Bankless: Circle’s Interest Rate Cut Dilemma

  • 2025-08-28

 

Stablecoin issuer Circle (CRCL) surged in June, with its stock price nearing $300, solidifying its reputation as a high-priced crypto stock. However, as summer progressed, seasonal weakness eventually impacted the stock.

 

Despite a 7% rise last Friday following Jerome Powell’s rate-cut remarks, the stock has been declining over the past month and is now down nearly 60% from its all-time high.

 

Today, we explore the interest rate cut dilemma facing stablecoins and weigh the impact of monetary policy shifts on CRCL’s future.

 

The Interest Factor

 

Circle operates a bank-like business model: it profits from interest. Over $60 billion in bank deposits, overnight loan agreements, and short-term U.S. Treasuries back USDC. In Q2 2025, Circle earned $634 million in revenue from interest on these stablecoin reserves.

 

When rates rise, the portfolio earns more interest per dollar of USDC reserves; when rates fall, earnings shrink. While market forces drive rate movements, the cost of dollars is also influenced by Fed policy, especially for the short-term instruments Circle uses to manage reserves.

 

During his Jackson Hole speech last Friday, Fed Chair Jerome Powell strongly hinted at rate cuts. He attributed residual inflation to a one-time tariff spike, emphasized a slowing labor market, and defended potential cuts. Markets now expect the Fed to announce a cut at its September 17 policy meeting.

 

After Powell’s speech, the CME’s FedWatch and Polymarket saw sharp increases in rate-cut odds, but the key shift occurred on August 1. That day’s jobs report showed just 73,000 new jobs in July, with significant downward revisions to prior months.

 

Since August 1, FedWatch and Polymarket have consistently priced in a 25-basis-point (0.25%) cut. If the Fed cuts as expected, Circle’s income will drop overnight. According to its financial projections, every 100-basis-point (1%) drop in the federal funds rate would cost Circle $618 million in annual interest income—meaning a 25-basis-point cut (the standard increment) would reduce revenue by $155 million.

 

Fortunately, half these losses would be offset by lower distribution costs (per Circle’s agreement with Coinbase, which allocates ~50% of USDC reserve interest income to Coinbase). But the reality is that Circle’s operations grow tougher in a falling-rate environment.

 

Although Circle reported a Q2 net loss of $482 million (well below analyst expectations), the gap was largely due to a $424 million accounting charge from employee stock compensation during its IPO. Still, its finances reveal a company barely breaking even at current USDC supply levels—vulnerable to significant rate cuts.

 

The Solution

 

Rate cuts may reduce Circle’s per-dollar reserve earnings, but for CRCL shareholders, tweaking one variable could reverse the outcome. Powell and many financial commentators believe rates are already “restrictive,” and fine-tuning policy could address labor market softness without reigniting inflation.

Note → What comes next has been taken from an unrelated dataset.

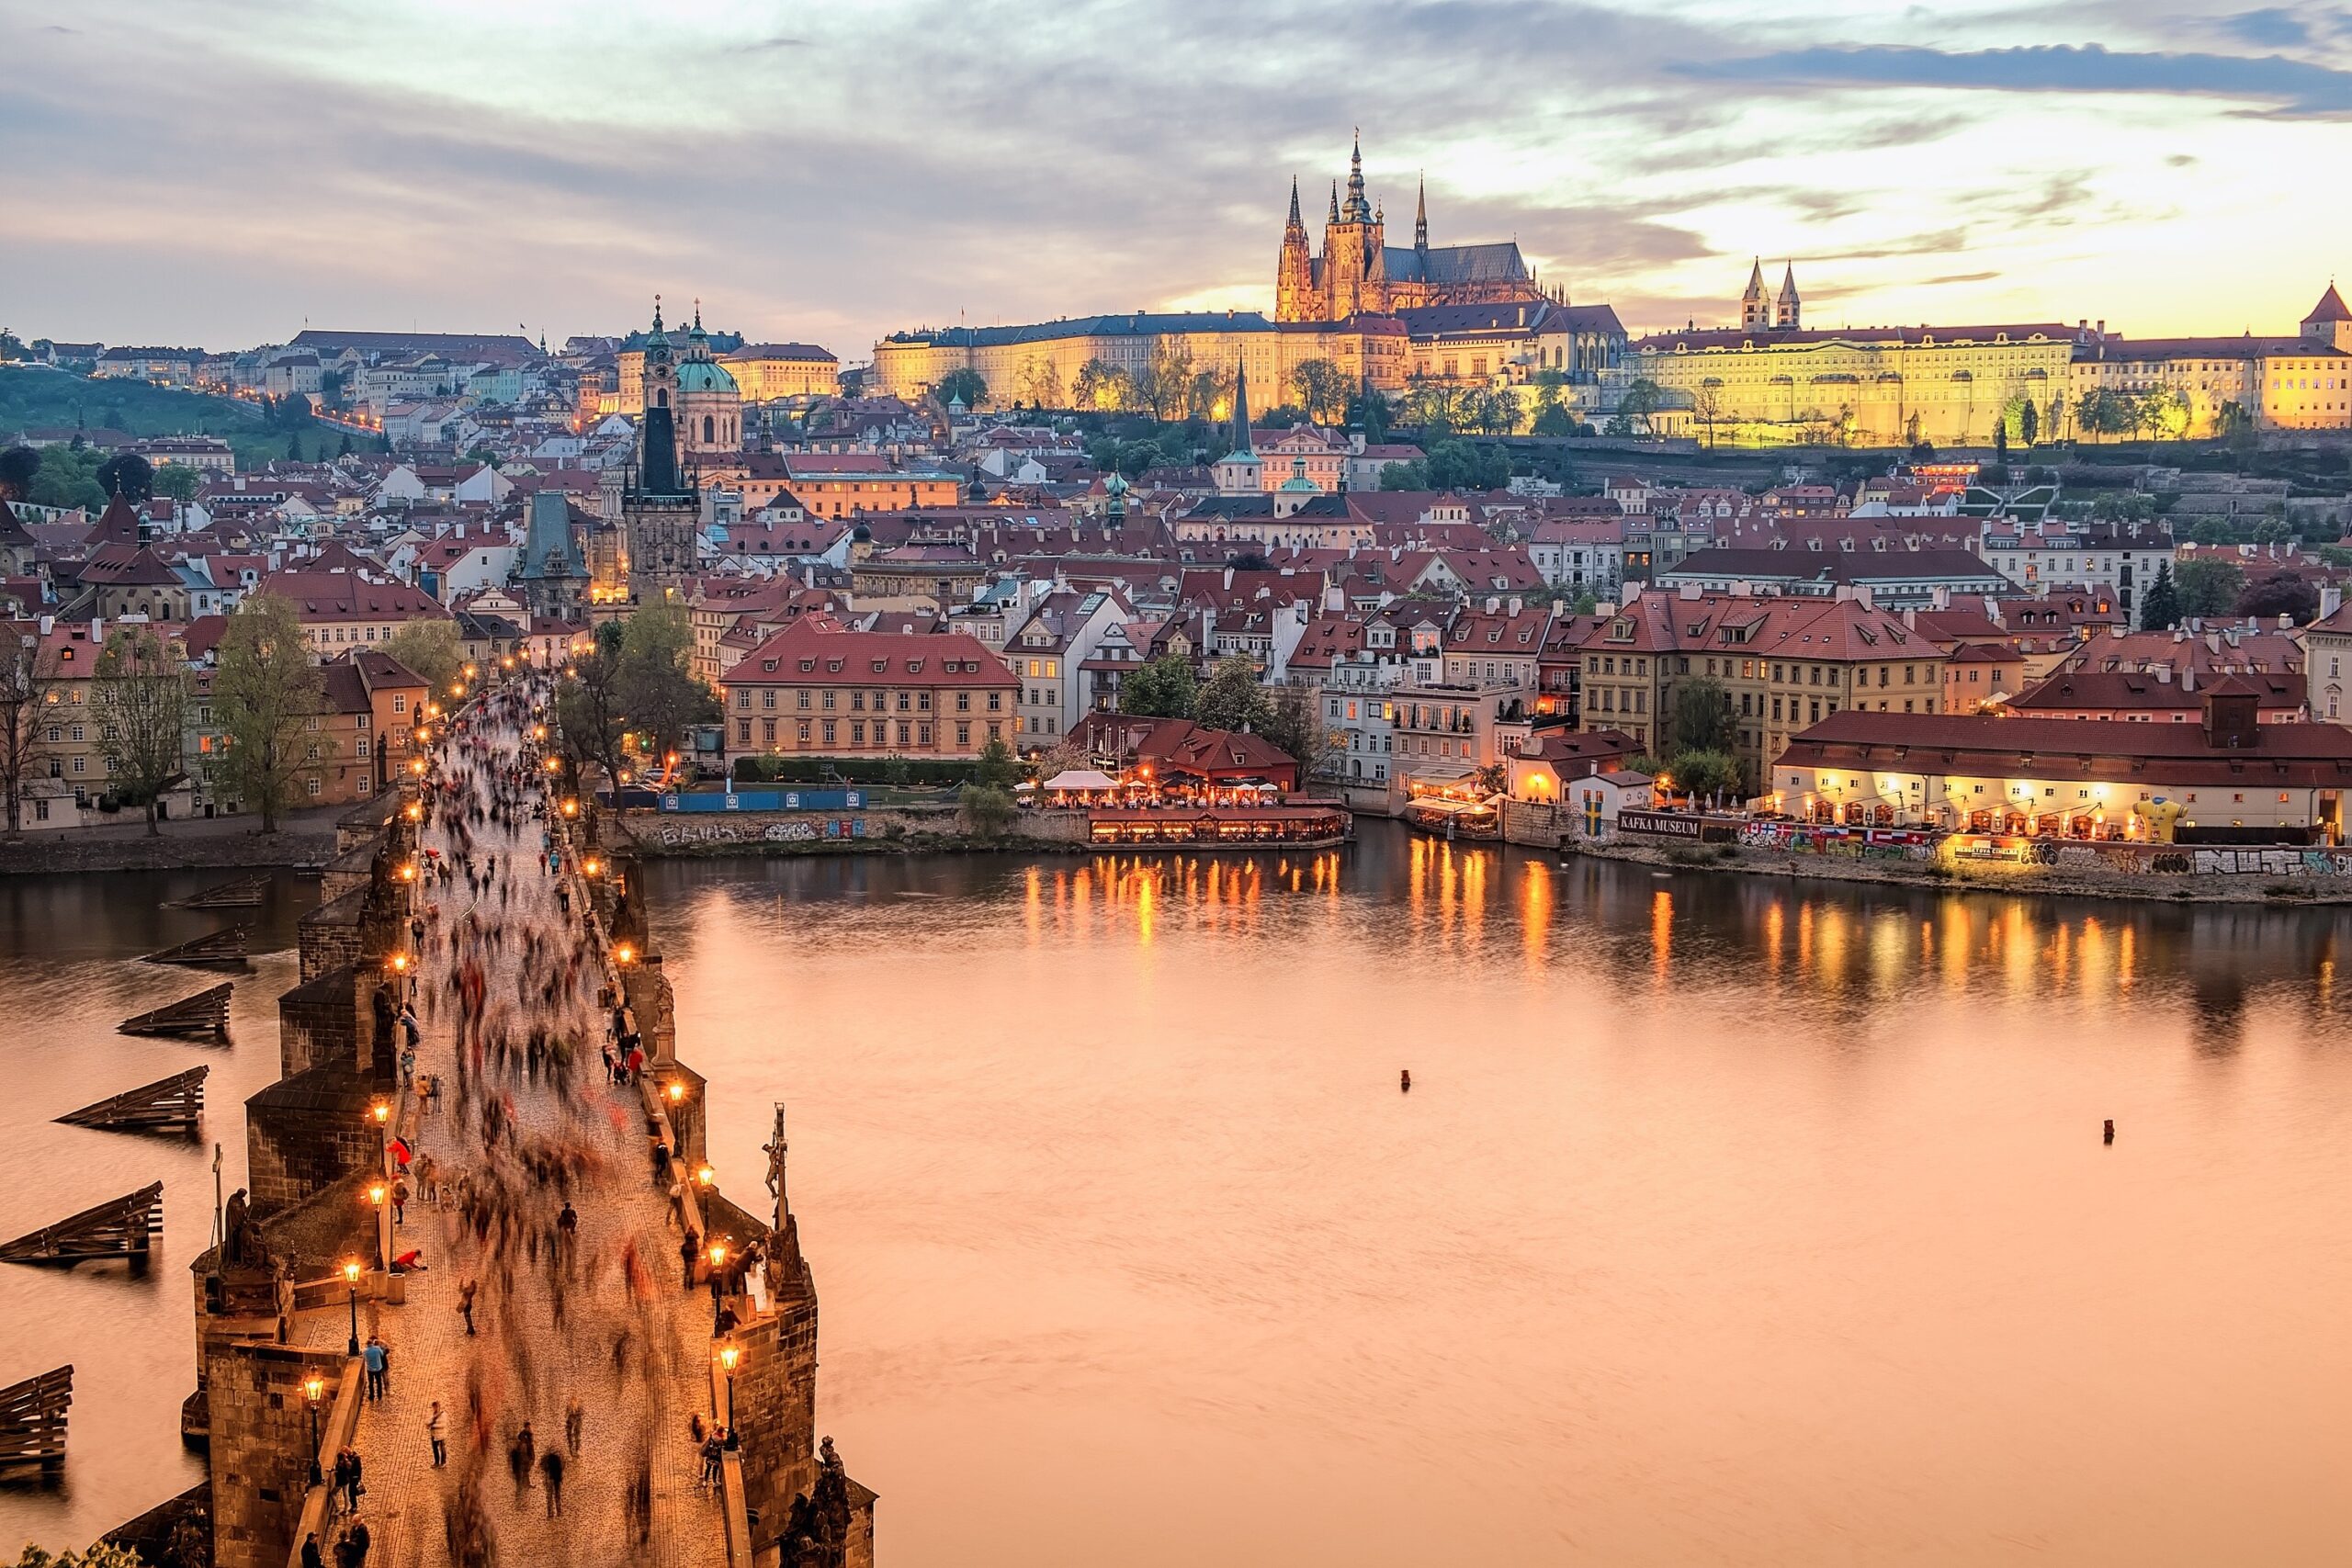 Il mercato immobiliare a Praga: tendenze e prospettive future

If experts are right, cuts could spur economic recovery: employment stays high, credit costs fall, and crypto markets rally. In this scenario, demand for crypto-native stablecoins like USDC might rise, especially if they offer above-market DeFi yield opportunities.

 

To offset a 100-basis-point cut (the minimum in Circle’s sensitivity analysis), USDC circulation would need to grow ~25%, injecting $15.3 billion into the crypto economy.

 

Circle’s current P/E ratio of 192x (based on 2024 net income) reflects its high-growth potential. But if the Fed cuts rates in coming weeks, the stablecoin issuer must grow to survive. Assuming at least a 25-basis-point cut, Circle would need to increase USDC supply by ~$3.8 billion to maintain current profitability.

 

Circle has stated: “Any relationship between interest rates and USDC circulation is complex, highly uncertain, and unproven.” No model yet predicts how

 

USDC users will react to lower rates, but history shows that once started, rate-cut cycles often accelerate aggressively.

While economic booms might help Circle escape rate-driven deficits, mathematically, the company clashes with the dynamics of lower rates.